Вспомнил ее ссору с закаперщиком молодежной ячейки, когда, подойдя к нему, слезливо канючила принять ее на «КИМовскую платформу», и как Володька, смеясь, ей ответил:
— Во-первых, ноныча не КИМ, а уже комсомолия, а во-вторых, у тебя харя, как агаповская репа. В-третьих, не КИМ тебе нужон, а осадистая вожжа, чтоб поубавит дурь-то!
В комнате где-то под потолком противно зудел комар и Сеньке вспомнились почему-то их деревня с оврагами и холмами, зимние холода и постоянство голода. Он вспомнил, как ехал с матерью сюда, на угольный спас, и как на станции со смешным названием Валуйки впервые за много лет поел сказочно вкусной похлебки. Вспомнил, как ввел их кто-то в эти четыре барачных угла с одним единственным неумытым окном и маленькой печуркой, такой непохожей на деревенскую величавую домницу. Припомнился ему, Сеньке, тюфяк в углу с запахом вонючего станционного мазута, на котором они с матерью спали целый год.
В двадцать третьем все пошло в гору. Как счастлива была родительница, когда, наконец, в их лачуге появился стол, два табурета и спальная койка с блестящими шариками на спинках и настоящей пружинной сеткой. Секретарь шахтопарткома, встретив мать, тряс ей руку и, счастливо задрав лицо к солнцу, говорил:
— Поздравляю, Дуня! Начинаем, значит, жить культурно, как подобает, значит, в нашей свободной обновленной республике!

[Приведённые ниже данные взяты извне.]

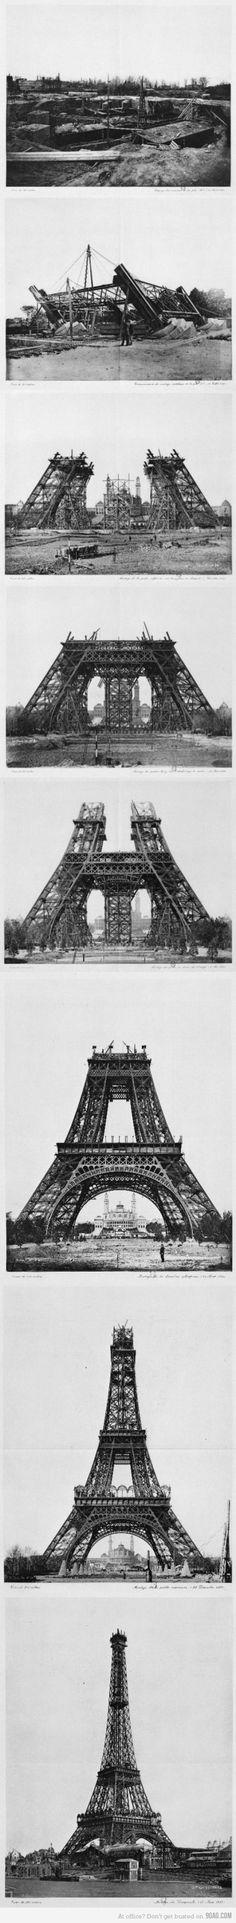 1887-1889 Chantier de la Tour Eiffel

Когда Сеньке стало шестнадцать, пошла Евдокия к начальнику Гущину выпрашивать сыну работы. Уж так молила-просила. Вспомнила, что и одной деревней они рождены, и что в каком-то там десятиколенном состоят родстве, и что Сенька — мальчик смирный и очень слушный…
Взяли подносчиком запальщику. Жалование установили хорошее. Приходил в барак чумазый. Был в их каморе определен
угол для умывальника и свалки спецовочного тряпья с чунями.
В воскресные дни летней поры, прихватив в рогожную сумку заедок к квасу, уходили мать с сыном в дальние поля. Тут же до разноцветных красок величавых степных закатов обговаривали они свою жизнь и не было конца материнским
рассказам про ее светлое детство и девичество, про российский дооктябрьский покой, про Сенькиного отца и горькие мытарства в окаянные дни переворота.
Федор Тихоныч Гущин[править]
Еще до первой Русской революции 1905 года этому, тогда еще молодому человеку, посчастливилось обучаться на мастерство в Бахмутском приказе: горнолитейного дела. Служил он на Алчевских, Мариупольских и Алмазнянских печах, но уже ближе к 17-му году был переведен на Кадиевские каменноугольные копи.
Всякую политику он душевно презирал и потому, видимо, уцелел, не примыкая ни к каким фракциям и оппозициям. На «красномогильской» шахте утвердился в тот год, когда из Кадиевки ушло войско генерала Деникина.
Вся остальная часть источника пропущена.